Анархисты - Александр Иличевский
Шрифт:
Интервал:
Закладка:
Отец Евмений смутился от того, что позволил себе вольность, и спросил:
– Давно вы стали думать о множественности Вселенной как об основе принципиальной полифонии и об источнике терпимости, то есть воле милосердия к ошибке?

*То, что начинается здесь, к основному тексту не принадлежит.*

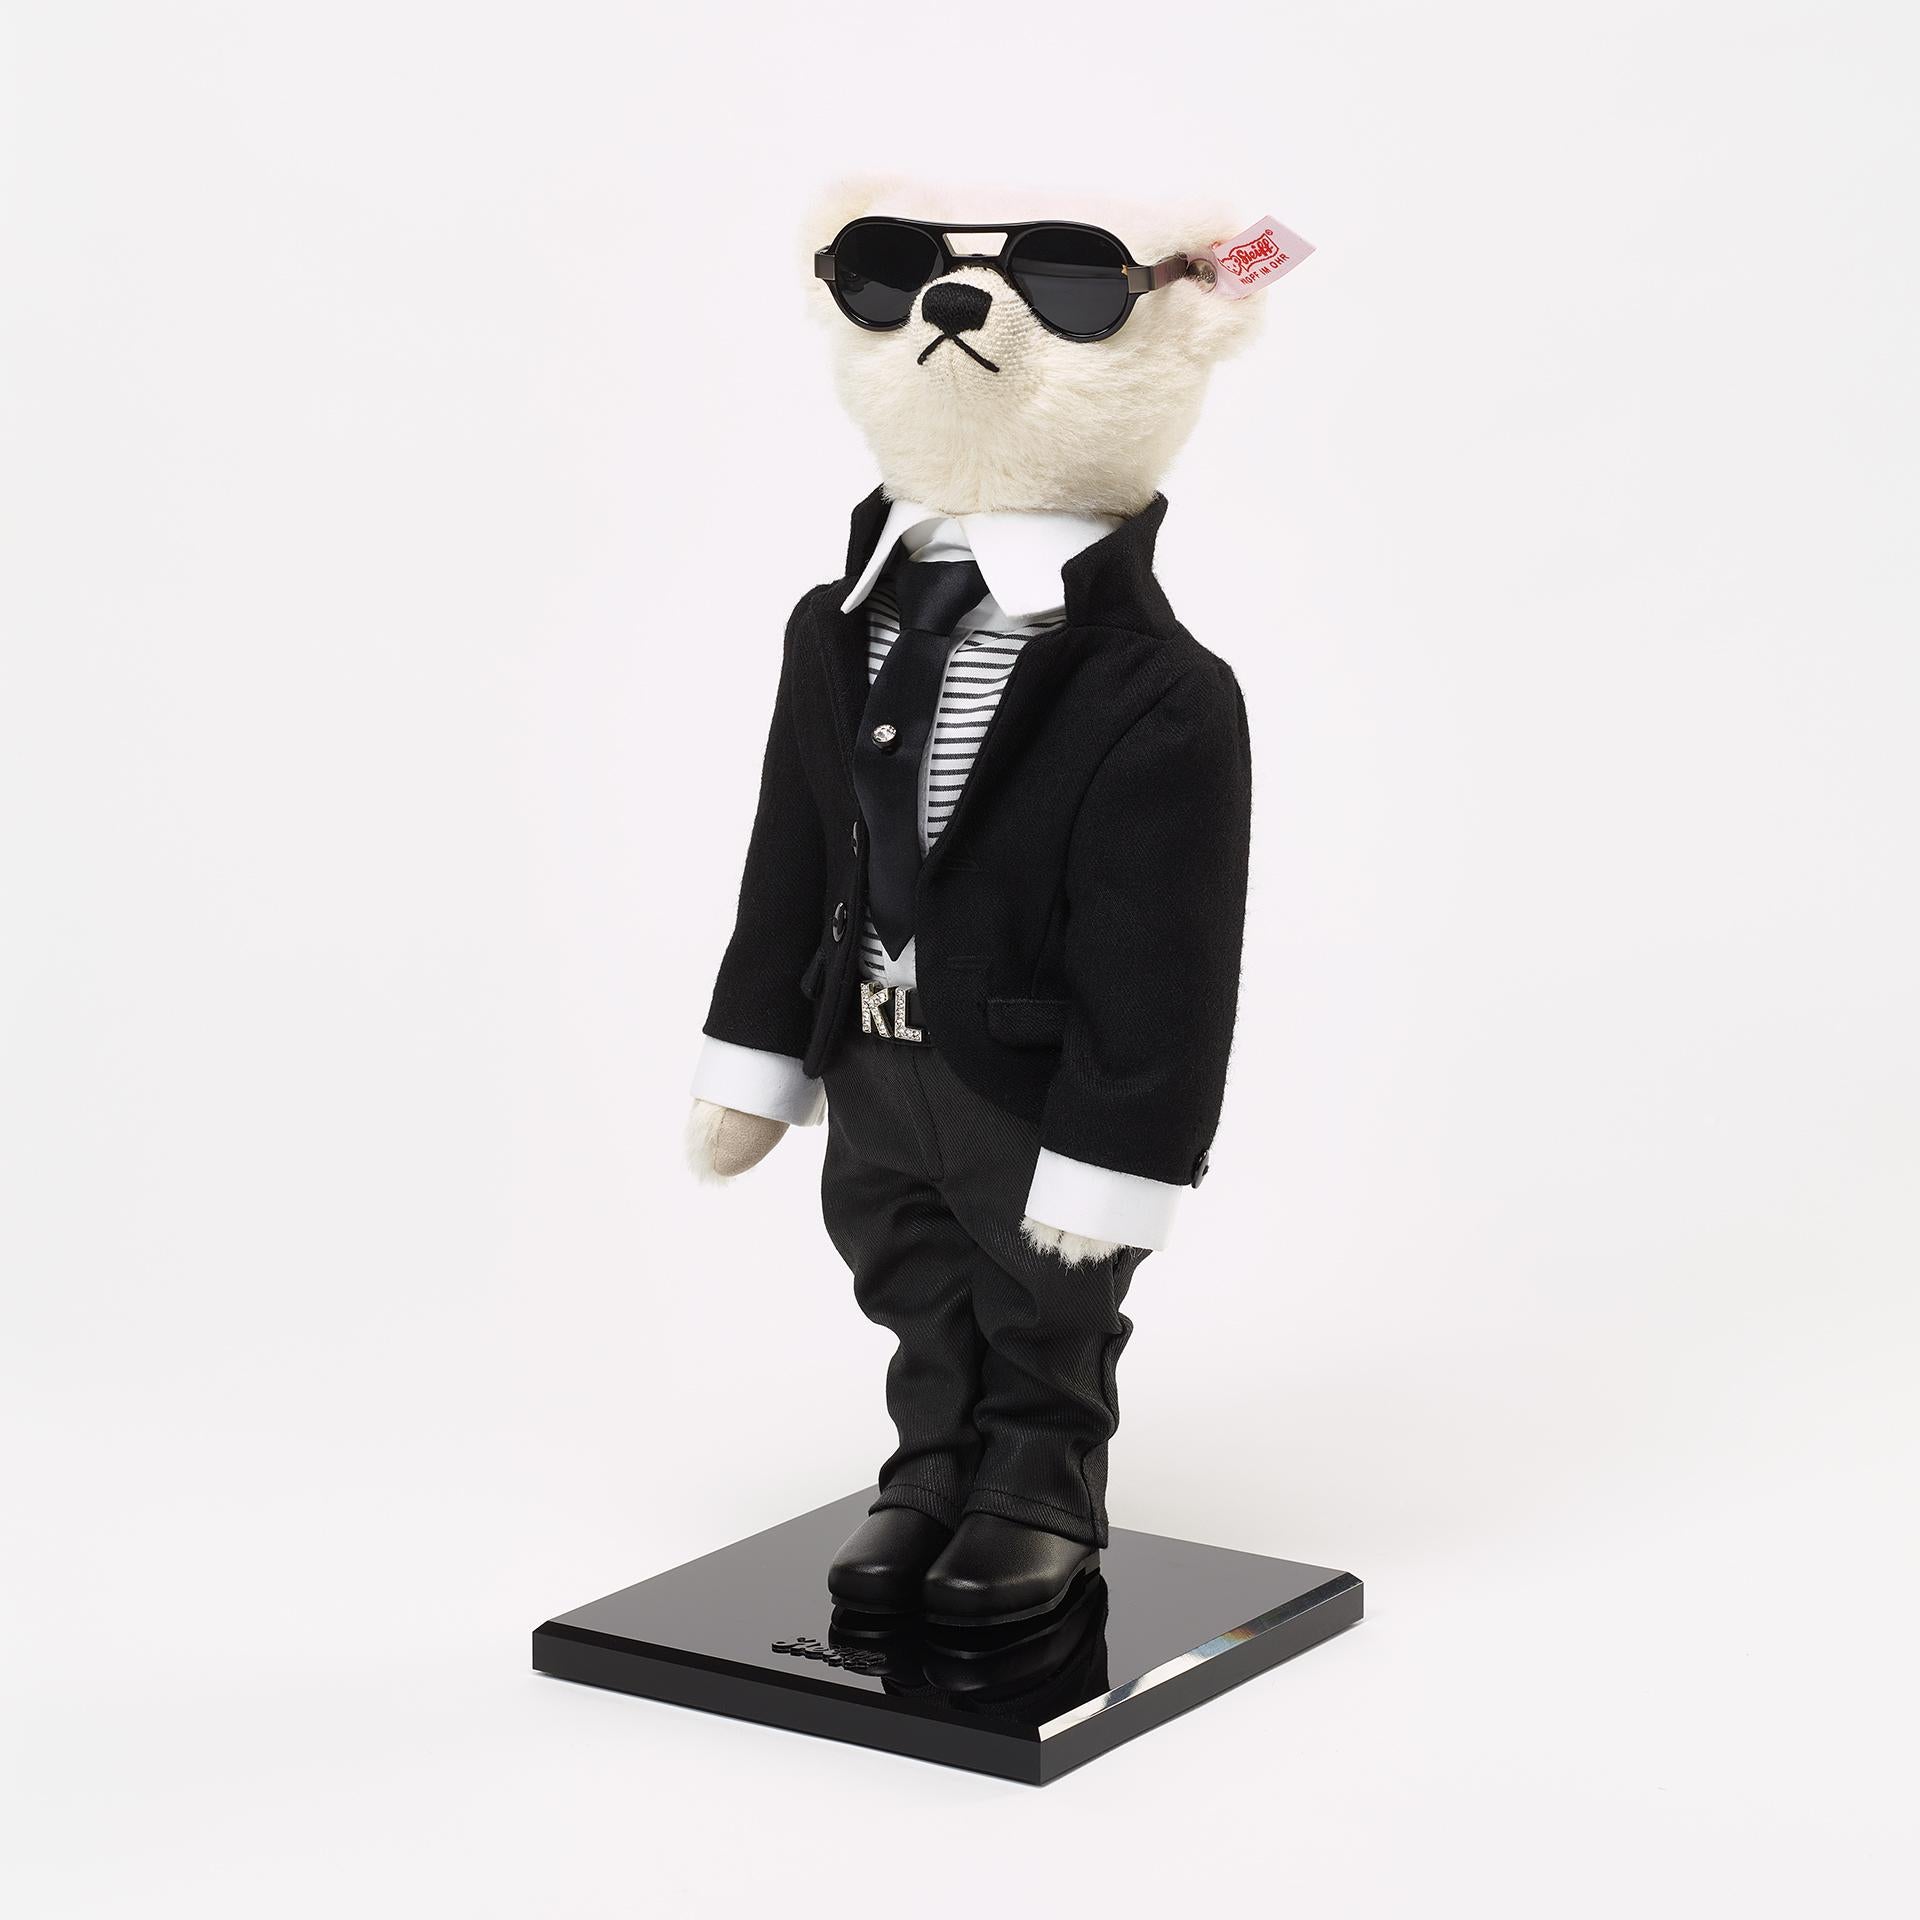 Karl Lagerfeld ( 1933 -2019 ) 
Steiff Teddy Bear with the effigy of Karl Lagerfeld

– Какая разница когда? – пожал плечами Турчин. – Тут особенно мудрствовать не приходится. Мысль эта выводится из одного только здравого смысла. А вот уж ему, здравому смыслу, стоит поучиться у Уильяма Годвина. Философ этот жил в восемнадцатом столетии и замечателен не только тем, что первым сформулировал принципы анархизма. Он сочинил немало чуши на экономические темы, но его философская и научная аргументация об образовании даст фору даже революционному Руссо. Для Годвина наука – искусство поиска ошибок в не окончательно верных теориях. Вместо битвы за незыблемую истину следует обратиться к критике утвержденных в реальности систем. В этом цивилизационная суть анархизма. Все незыблемые теории рано или поздно рухнут; как однажды показал Эйнштейн, не предметы притягивают друг друга силой тяжести, а сила тяжести есть следствие кривизны пространства.
– Но не всякая теория может быть столь кардинально пересмотрена, – заметил отец Евмений.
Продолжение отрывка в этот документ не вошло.